Once the line with "Hiểu thêm về" is found in the entries below, print it and each following line exactly, stopping after the line with "7P) Displayschutz(für Note"; print nothing else.
=== PROVIDED RECORDS ===
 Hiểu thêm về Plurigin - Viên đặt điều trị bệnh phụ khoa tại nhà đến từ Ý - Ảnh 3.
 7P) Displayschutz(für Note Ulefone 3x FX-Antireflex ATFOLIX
===
=== PROVIDED RECORDS ===
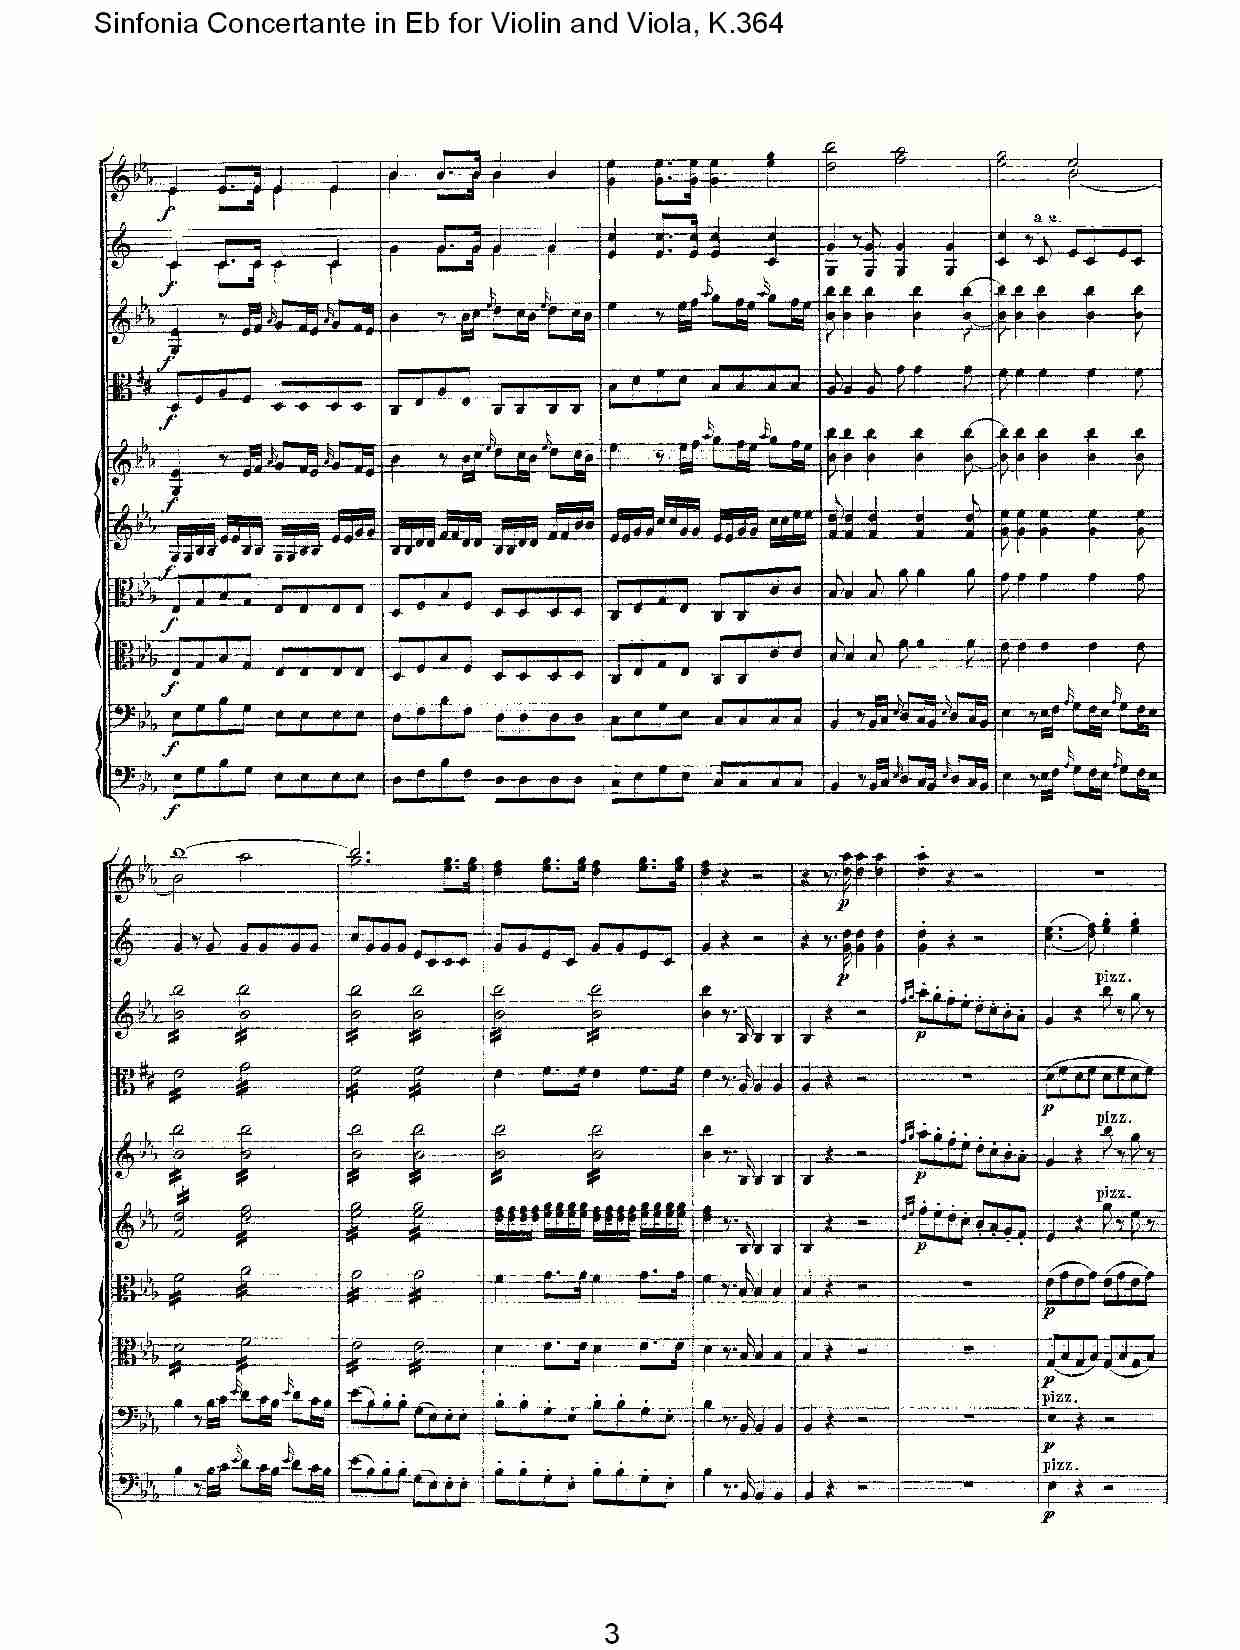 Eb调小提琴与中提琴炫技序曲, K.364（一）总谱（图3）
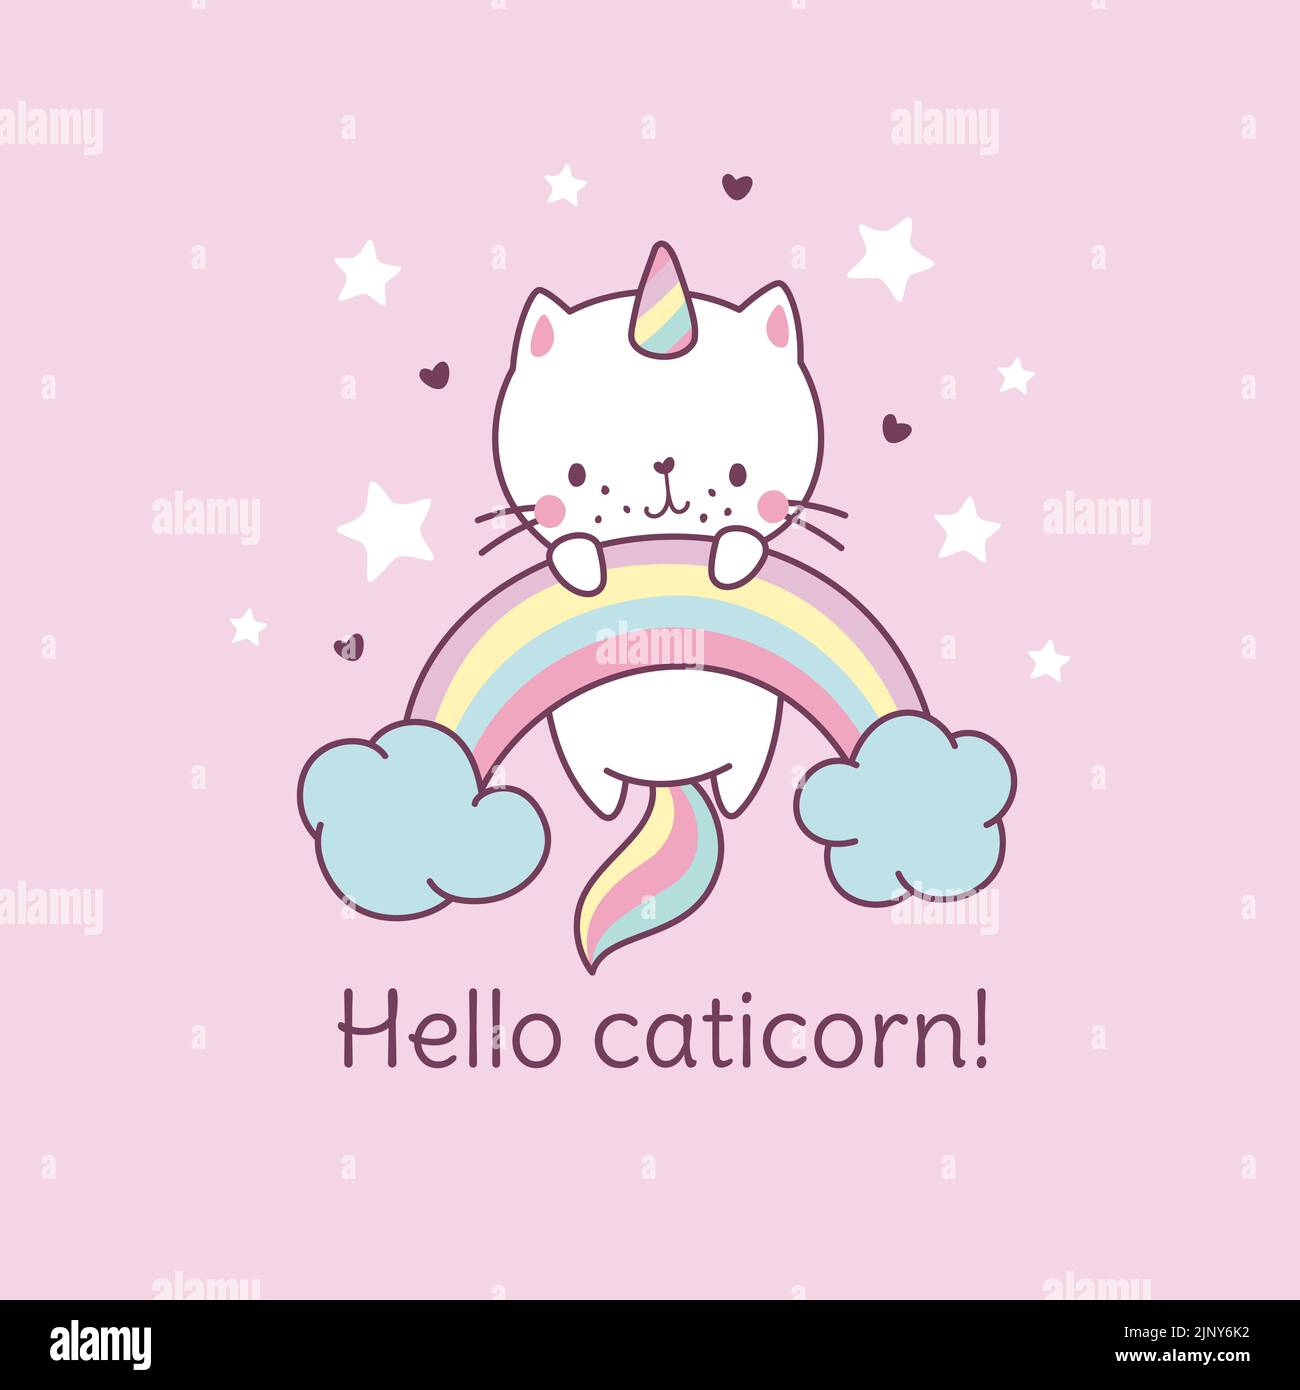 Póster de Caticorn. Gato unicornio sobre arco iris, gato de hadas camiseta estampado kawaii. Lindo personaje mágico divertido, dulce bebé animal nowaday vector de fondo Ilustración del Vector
===
» RESPONSE
 Hiểu thêm về Plurigin - Viên đặt điều trị bệnh phụ khoa tại nhà đến từ Ý - Ảnh 3.
 7P) Displayschutz(für Note Ulefone 3x FX-Antireflex ATFOLIX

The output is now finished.